I, and probably many others, are on *many* mailing lists, and read
through *hundreds* of messages a day.  If nobody ever made any comment
about not hijacking threads, not posting HTML, not saying anything
useful in subject lines, quoting messes of prior postings, and all the
other things that make a mailing list work badly, newcomers would not
know how to participate.  Newcomers would all come in and keep on
messing things up worse and worse until it becomes unmanagable.
Newcomers would come in and bury a query in the middle of somewhere it
doesn't get seen, then bitch that they don't get any help.  At some
stage, someone has to point out that their messages, done like that,
will get instantly deleted/ignored by those most likely to have an
answer.

You face three choices:  Nobody does anything, and it becomes a right
mess.  Members occasionally point things out, and things carry on.  List
managers have to get heavy handed because of lack of the first two.
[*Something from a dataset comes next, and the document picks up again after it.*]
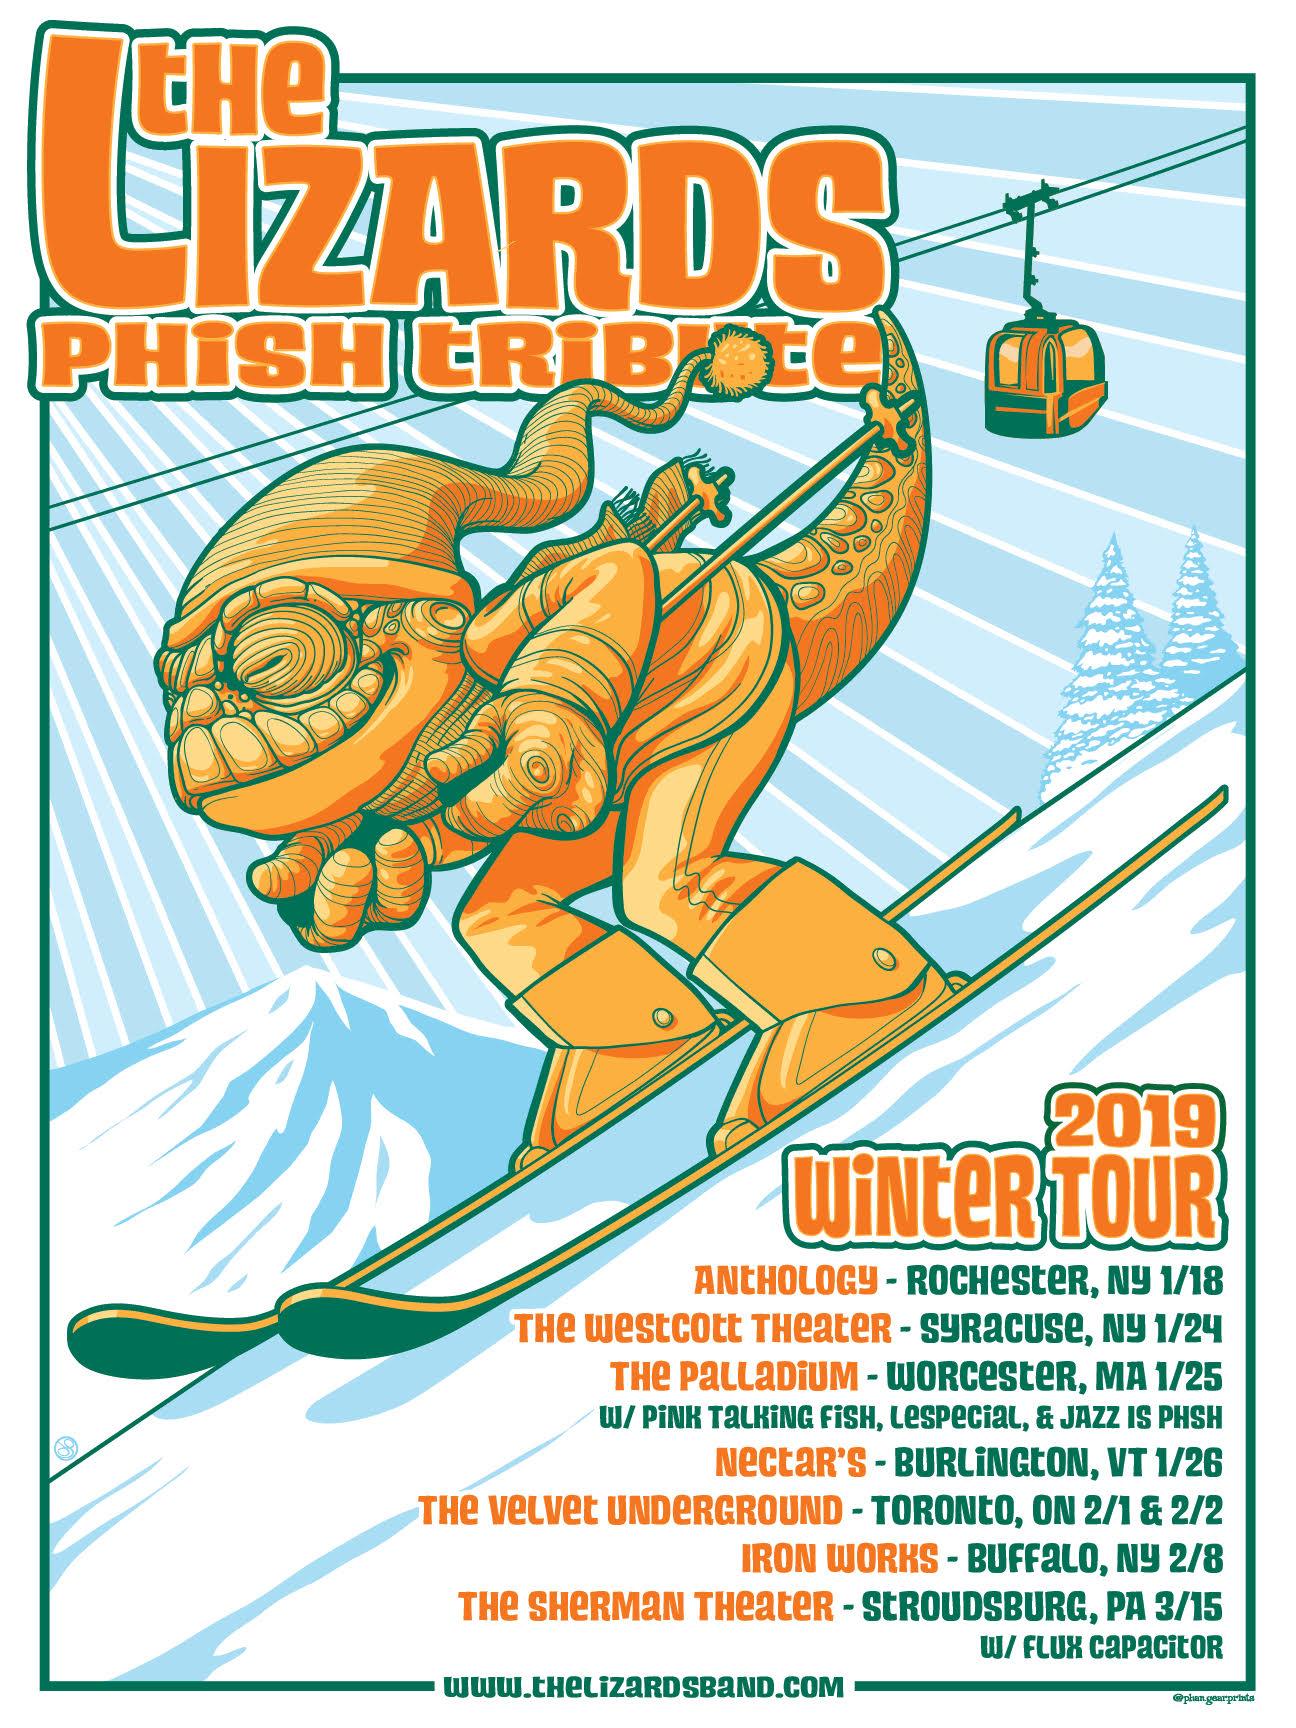 2019 winter tour.jpg

Are you actually so cloth-headed to argue that it's not a problem to
hijack a thread?  Are you so pigheaded that you find it objectionable
that a poster asks *why* someone romped in and subverted their thread?
(Yes, I know that's ironic, now, but the damage has been done.)

And to be honest, if one or two people come in, mess up, and go away,
that's their problem.  Hopefully, they learn and participate.  If
they're not prepared to do that, why bother.  It's not about being a
"private" club, it's about being useable.

Perhaps you'd like every message to be 60k of HTML instead of 1k of
plain text.  Perhaps you'd like every message to have no coherent
subject line.  Perhaps at some point you'll feel the need to point out
it's a problem, but you've made it clear that to do so is obviously
wrong.  Would you wait until the point where it was 10:1 spam:postings?

-- 
(Currently running FC4, occasionally trying FC5.)

Don't send private replies to my address, the mailbox is ignored.
I read messages from the public lists.